As I wrote back then:
I don’t expect this buying frenzy to cool off anytime soon. As I said [in early December], maybe the top is $25k, maybe it is $30k. Or maybe we keep going to $40k. Who knows. But when something moves this fast, the only choice we have is to grab ahold and see how far it goes.
This is a strongly directional move and we can (and should) follow this higher with a trailing stop. Right now $20k is a good level to protect our profits. When prices get up to $25k, we move our stops up again. $30k, ditto.
To be honest, my initial $40k profit target was a tad optimistic, but BTC proved all of the doubters wrong and did something that seemed impossible only a few months ago.

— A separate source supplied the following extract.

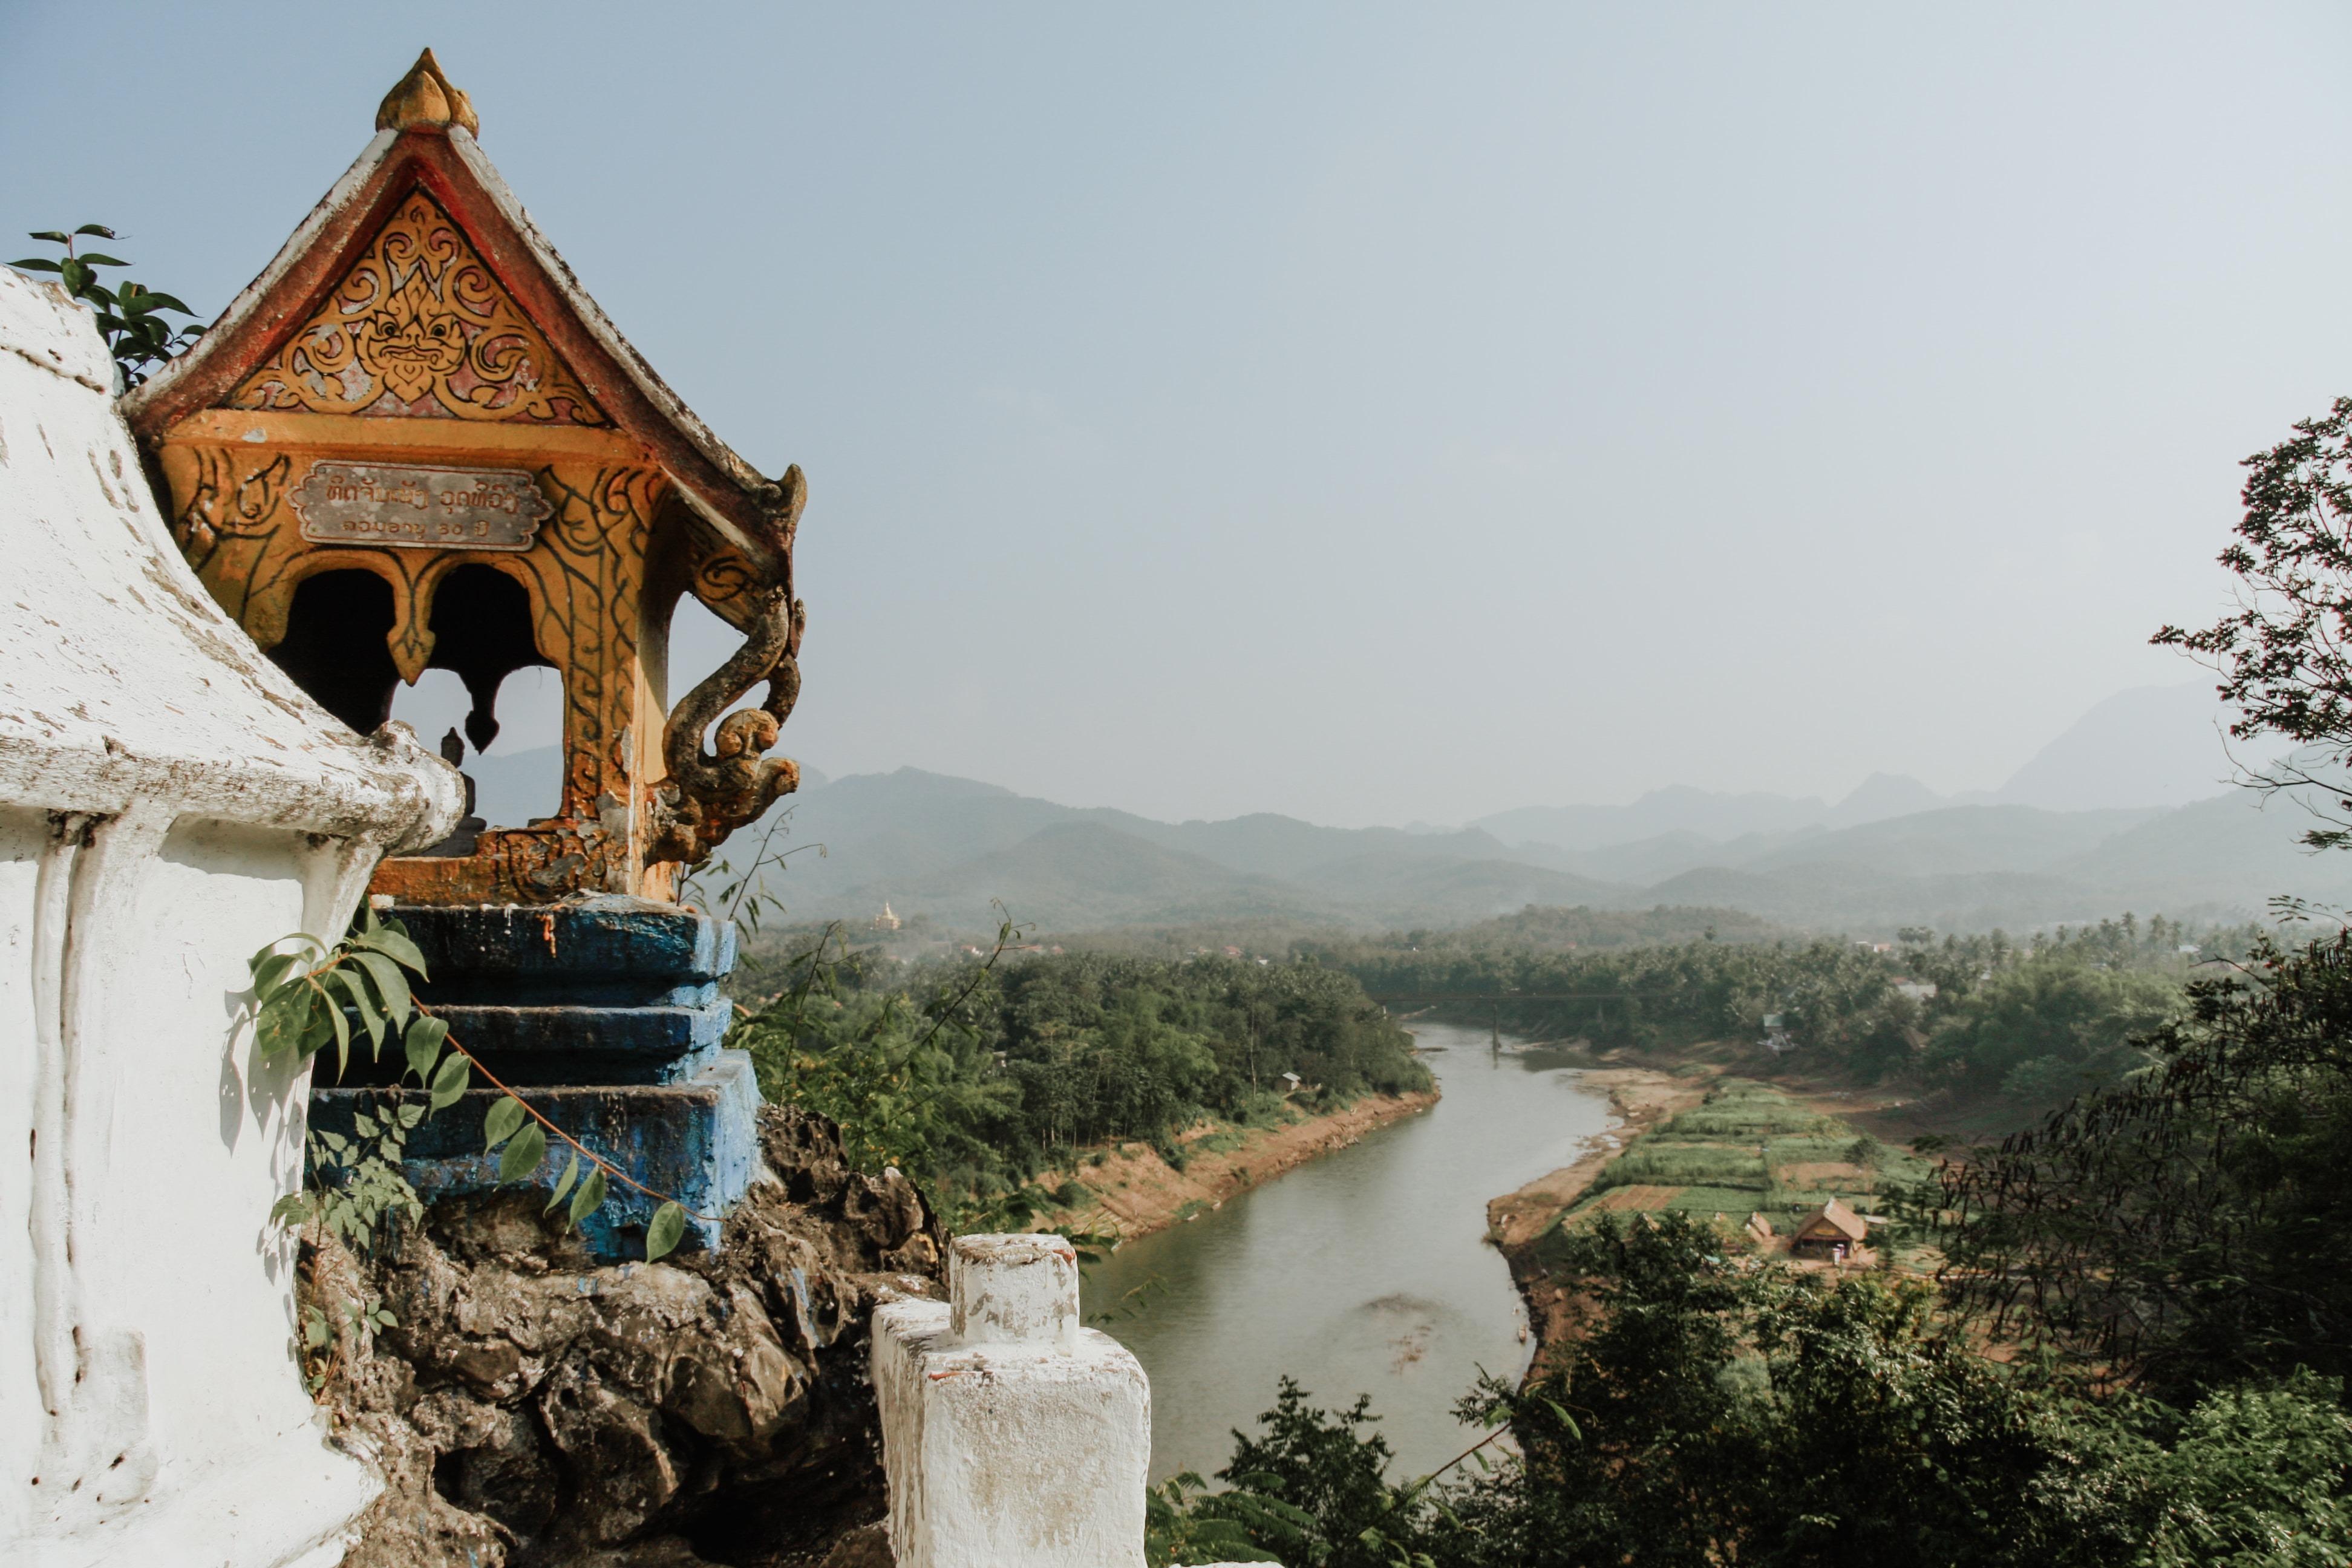 Mount Phou Si Luang Prabang - 24 Hours in Luang Prabang
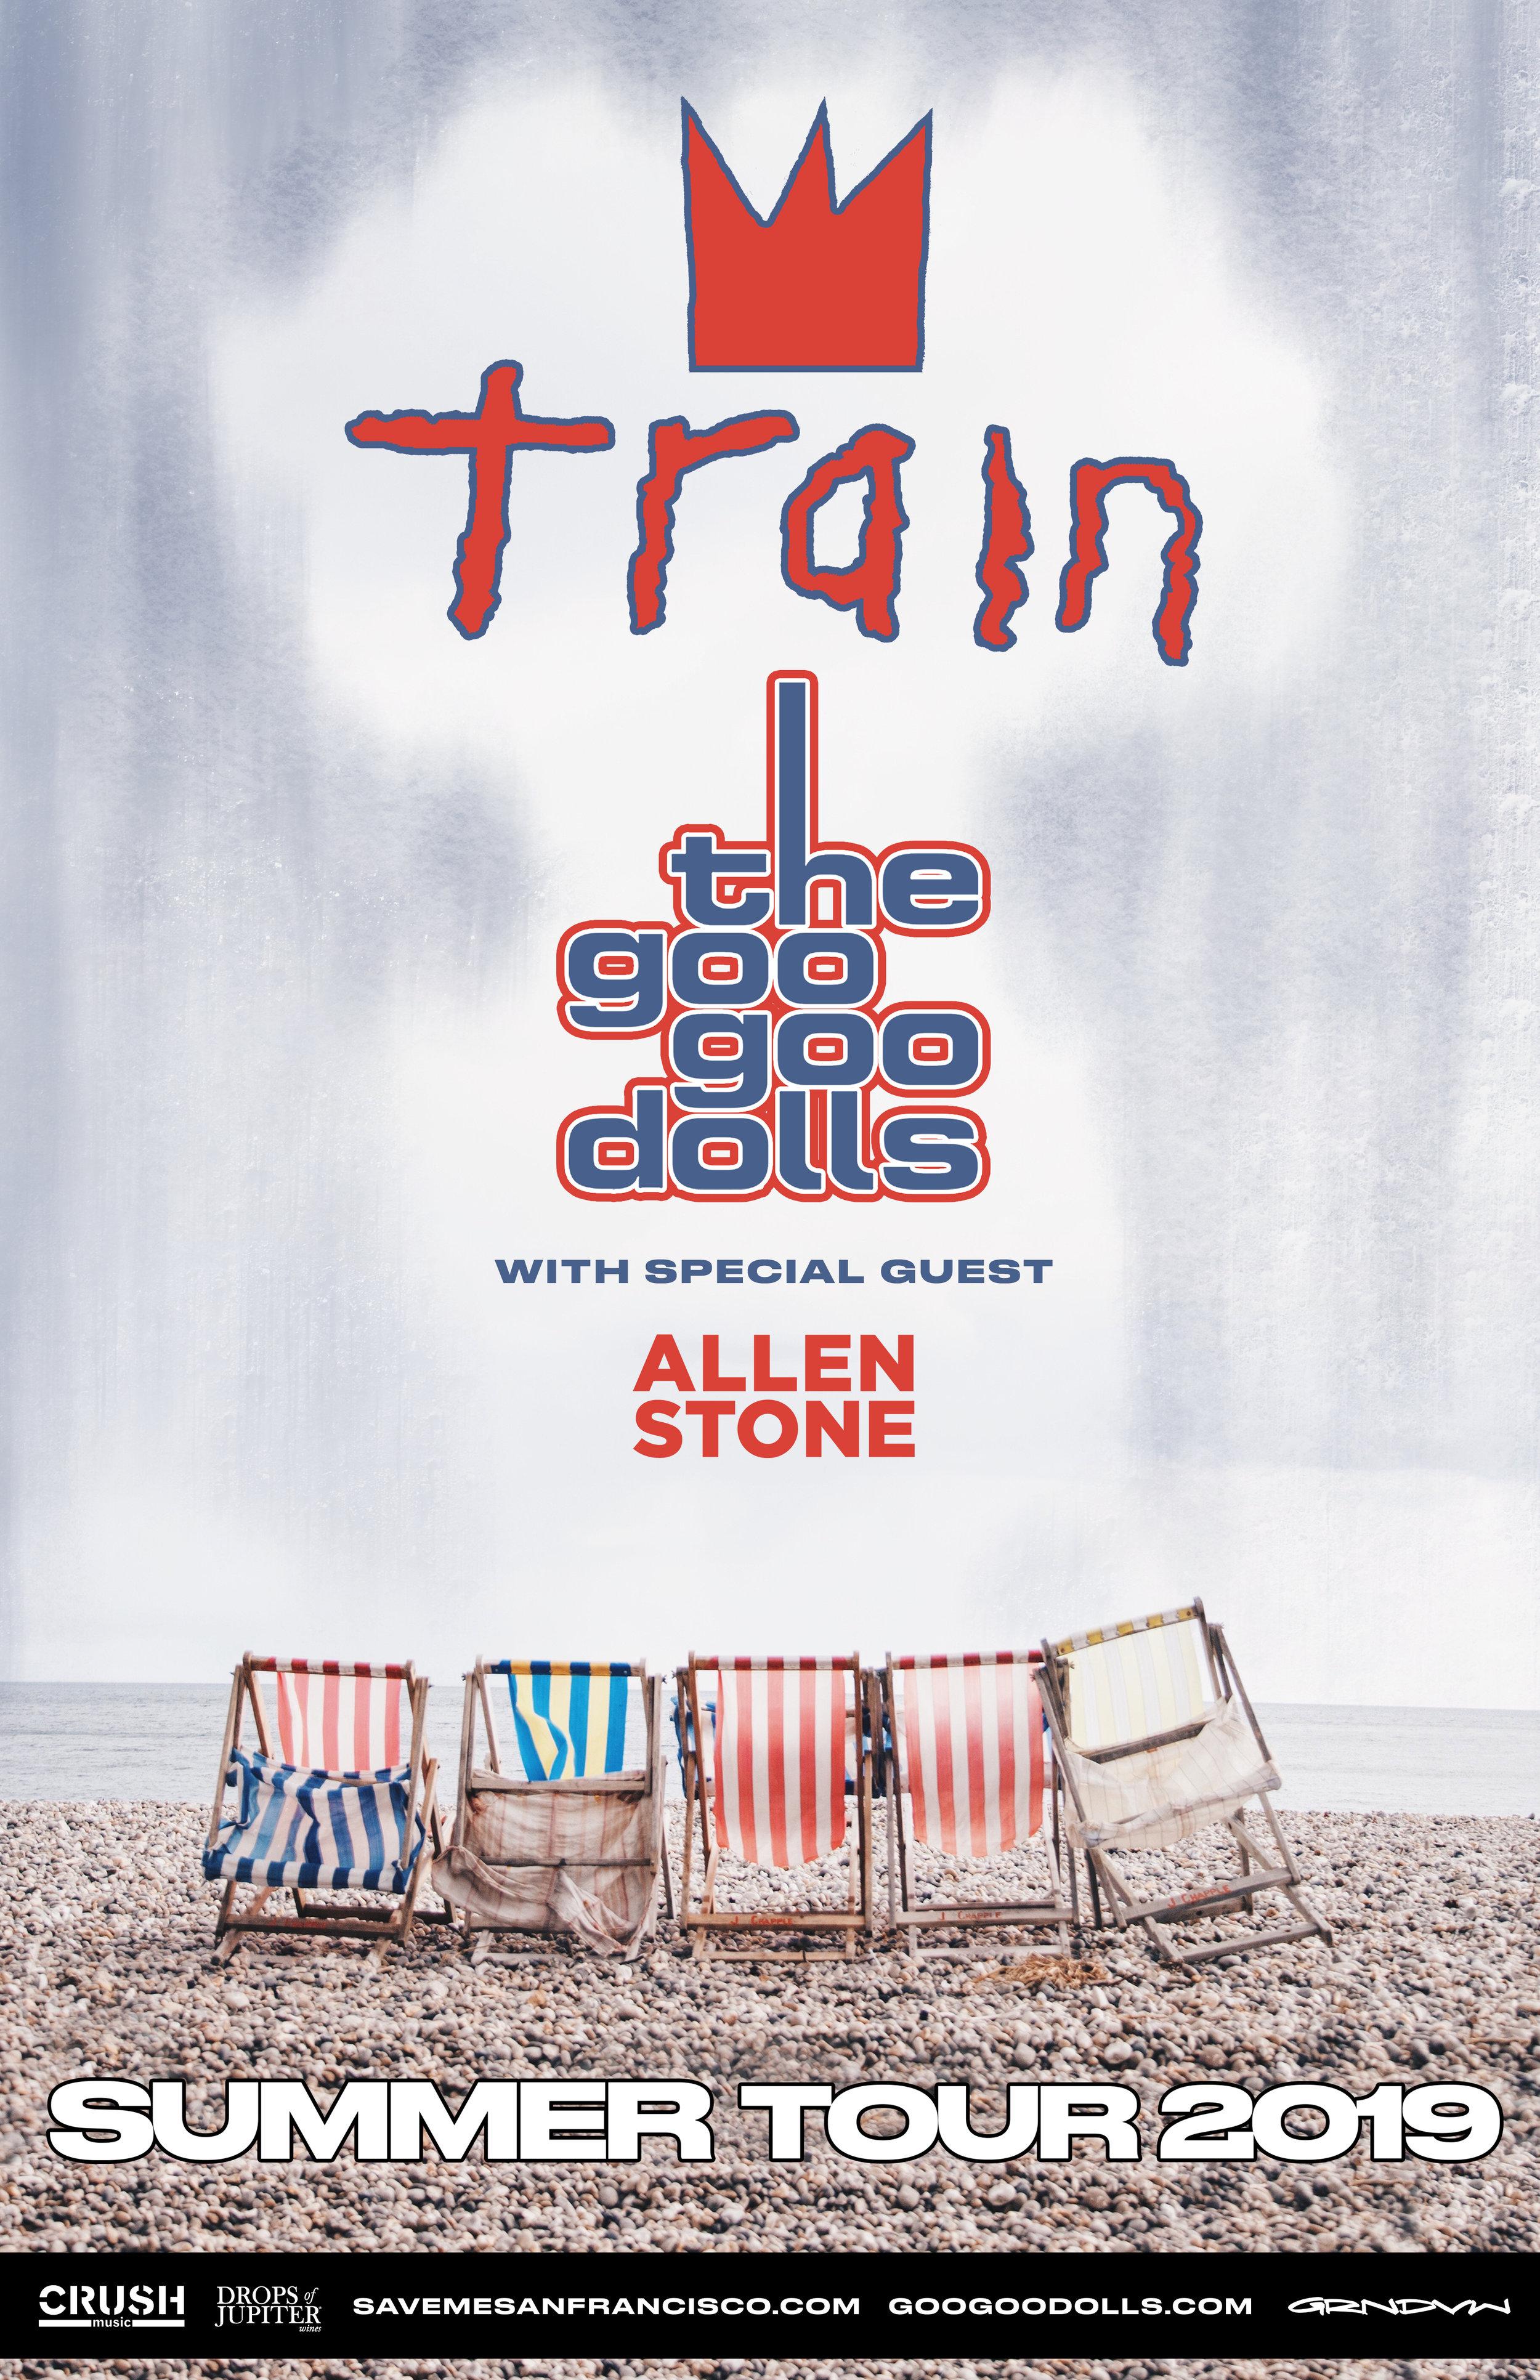 Train_GooGooDolls_2019_AS_COL2a.jpg

But now the $40k euphoria is wearing off and we already find ourselves in the lower half of the $30k’s. This is definitely a challenging spot for Bitcoin. Prices rallied 400% from the October lows and anyone expecting this buying frenzy to continue another 400% is quite honestly, drunk on greed.
All good things come to an end and so will this latest surge in Bitcoin. Maybe this week’s brief poke above $40k was the near-term top for this rally. Maybe we get a little higher. Either way, we need to be thinking about taking profits, not pressing our bets. We only make money when we sell our winners. And unfortunately, as quickly as these things go up, they fall even faster.
Make sure you have a plan to take profits and don’t let these epic profits escape. Maybe you take profits proactively. Maybe you keep following this higher with a trailing stop. Or better yet, do a bit of both; take some profits proactively and follow the rest higher with a trailing stop.
But no matter what you do, have a plan. Only fools who hold too long ride these things all the way back down.